▶ DATA EXCERPT:
╔══

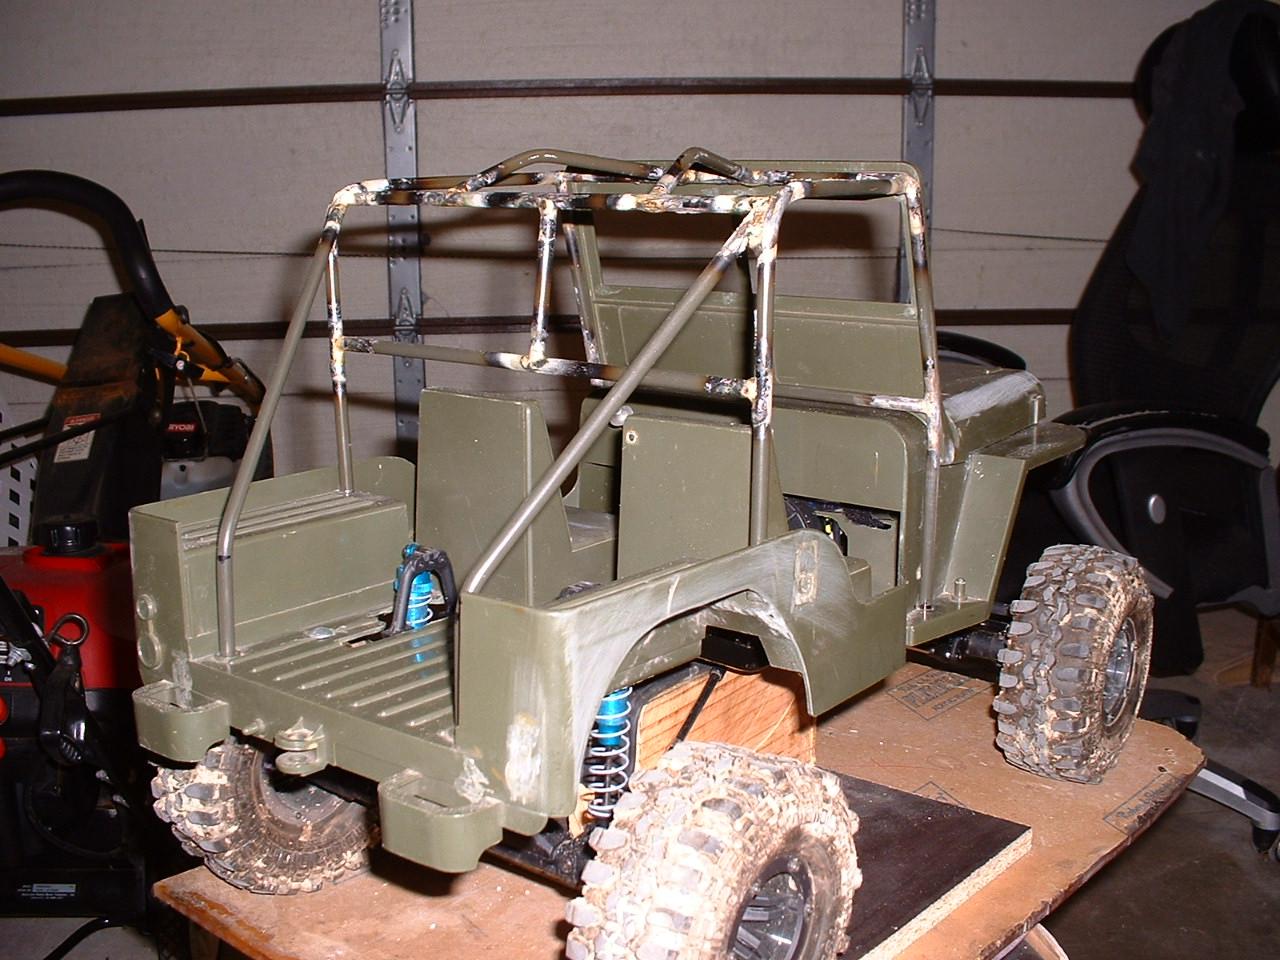 Click image for larger version.  Name:GI Joe Jeep 5b 001.JPG Views:233 Size:329.3 KB ID:2040907
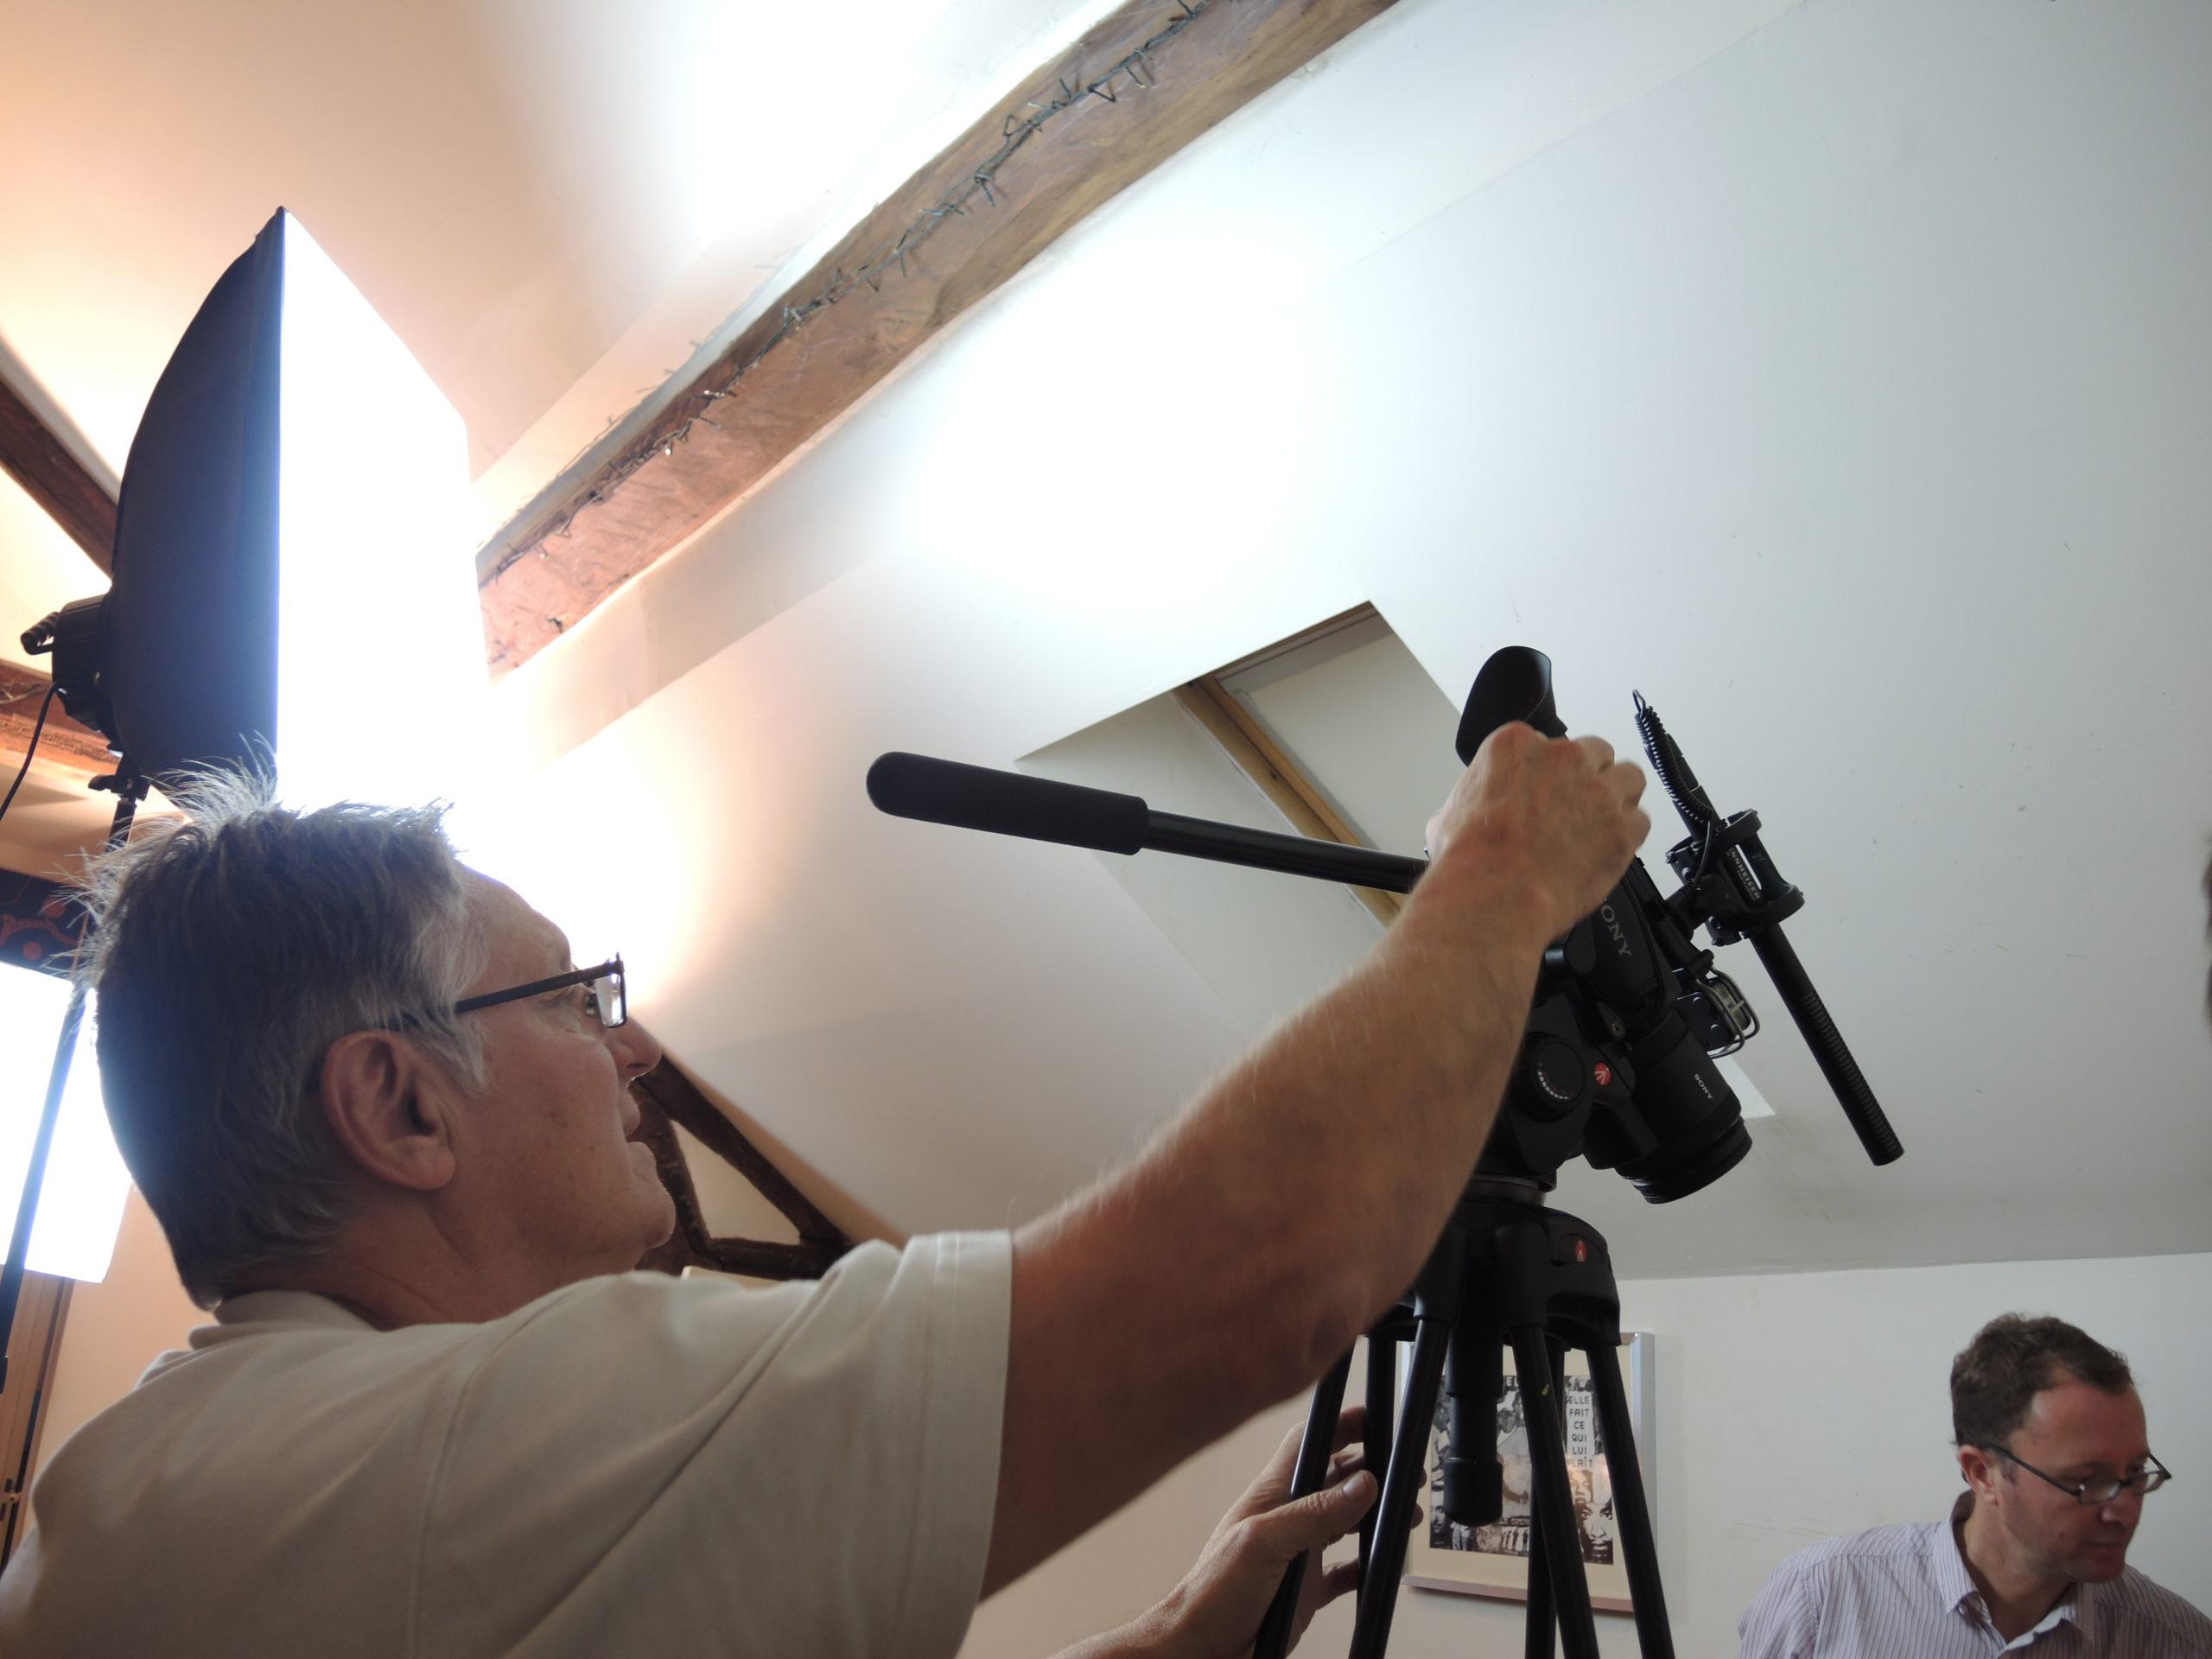 Game over photos tournage 21
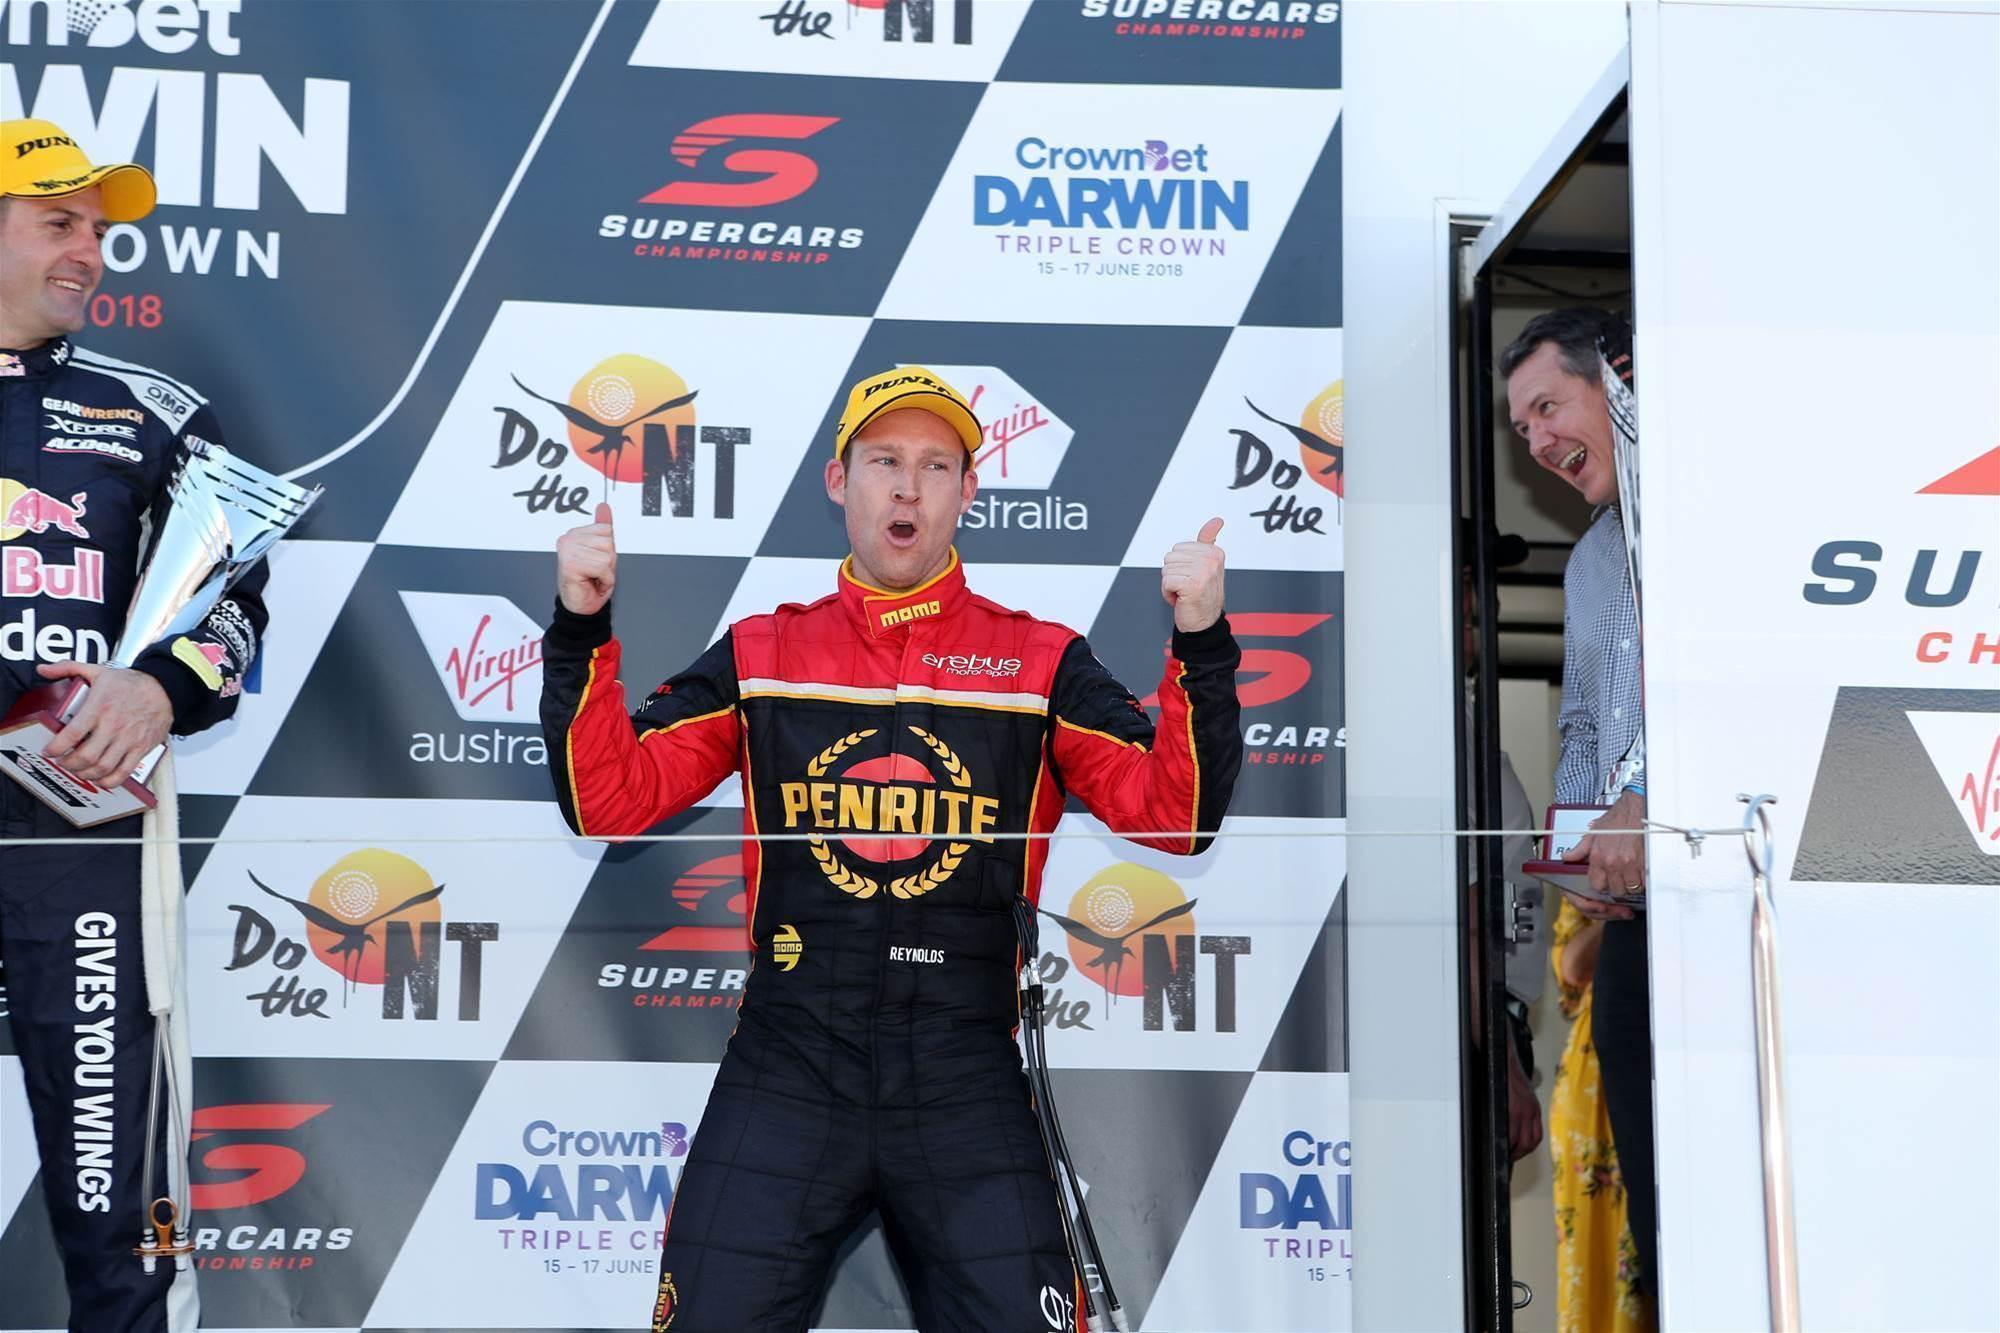 Reynolds triumphs in top end
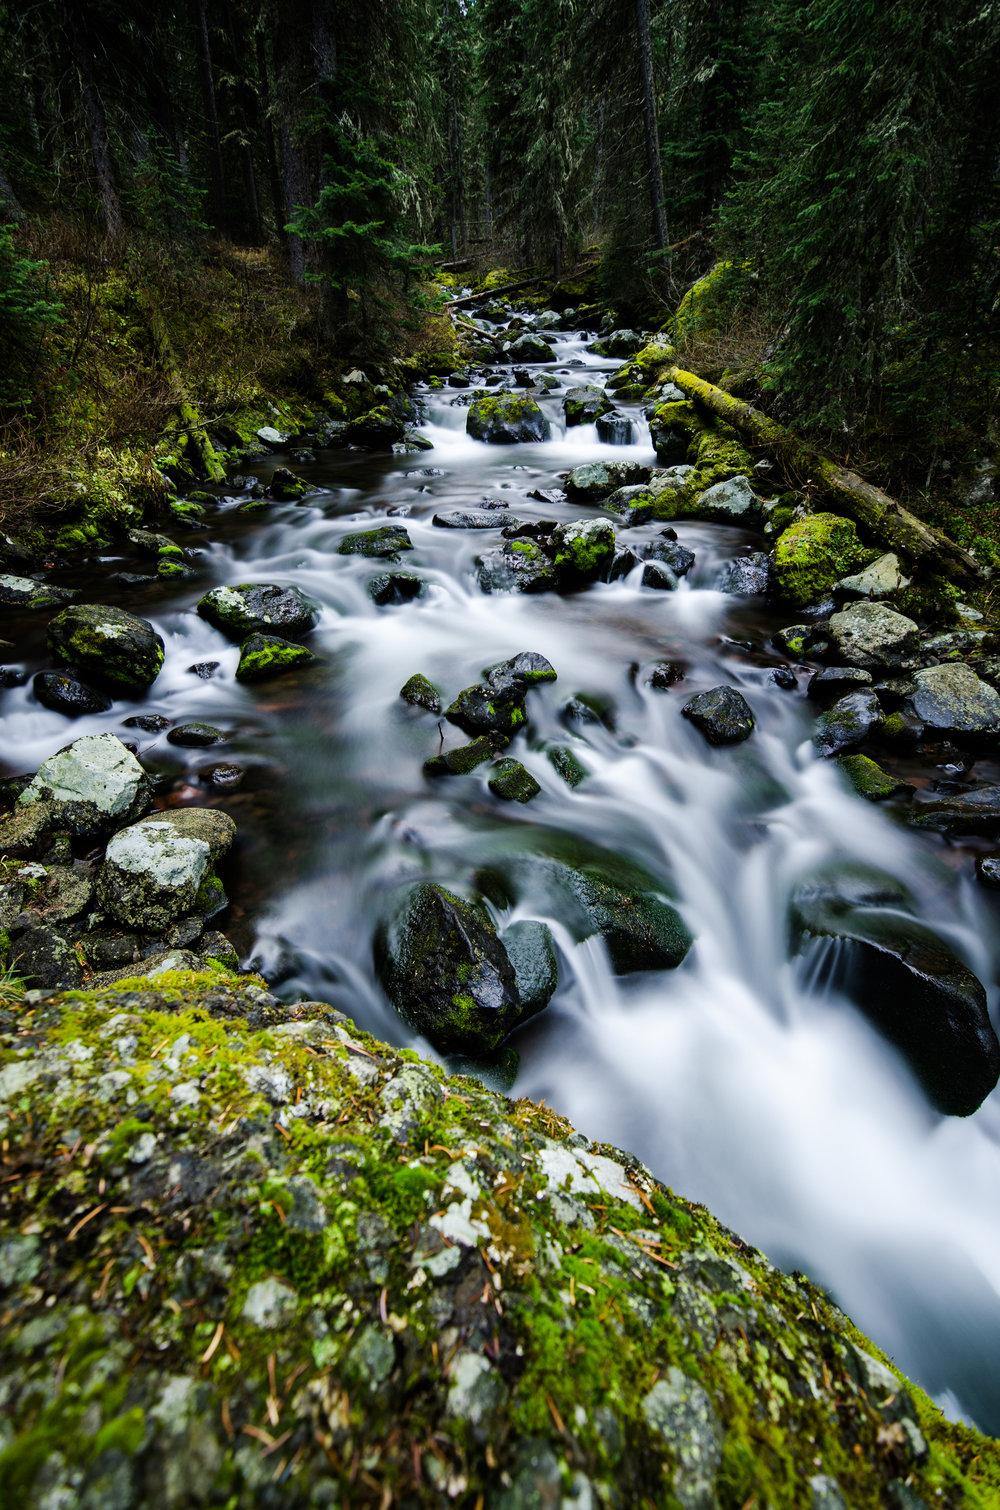 Creek runs through it

╚══

▶ GOAL OF THE EXERCISE: Copy the whole of the material above exactly, but not its images.

▶ WRITTEN RESPONSE:
 Click image for larger version.  Name:GI Joe Jeep 5b 001.JPG Views:233 Size:329.3 KB ID:2040907
 Game over photos tournage 21
 Reynolds triumphs in top end
 Creek runs through it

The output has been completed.